Impressionists Landscapes room

Musée d'Orsay
© RMN-Grand Palais (Musée d’Orsay) / Martine Beck-Coppola
Corps de texte
From left to right : Alfred Sisley (1839-1899) L'Ile Saint-Denis, 1872 ; Camille Pissarro (1830-1903), Entrée du village de Voisins, 1872 ; Claude Monet (1840-1926), Bateaux de plaisance, entre 1872 et 1873.

 

Presented from August 29, 2023
Level -2

Domenica Walter, widow of art dealer and collector Paul Guillaume, consecutively acquired during the 1950s, a landscape by Alfred Sisley - Chemin de Montbuisson à Louveciennes - then one by Claude Monet - Argenteuil -, both in the museum’s collection today. Reflecting her own taste for impressionism, her purchases ever so slightly shifted her husband’s original selection.

Both landscapes, adjoined with exceptional loans from the musée d’Orsay, attest to the transformation of the Parisian countryside at the beginning of the 1870s: the road and rail activity on the Seine’s bridges or the marina harbors which become leisure destinations for the city residents. Painters’ newfound interest for landscape is evident from the first Impressionist exhibition in 1874. It consecrates what critics called « the outdoors school » – the practice of painting outside, in front of the subject.

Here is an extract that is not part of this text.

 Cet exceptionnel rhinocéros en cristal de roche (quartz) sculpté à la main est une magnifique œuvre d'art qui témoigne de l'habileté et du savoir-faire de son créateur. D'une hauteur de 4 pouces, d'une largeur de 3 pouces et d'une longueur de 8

Claude Monet, Camille Pissarro, Alfred Sisley, Auguste Renoir, Paul Cézanne all display familiar landscapes, which split from the idealized nature from academic painting. The artists are committed to represent their own sensibility of nature, « in any season, right under the sky ceiling » (Théodore Duret). The quick brushstrokes, the bright colors, the importance of the sky, shadows and reflections, are all shift from the traditional rules of the genre and allow a new consideration to these daily landscapes.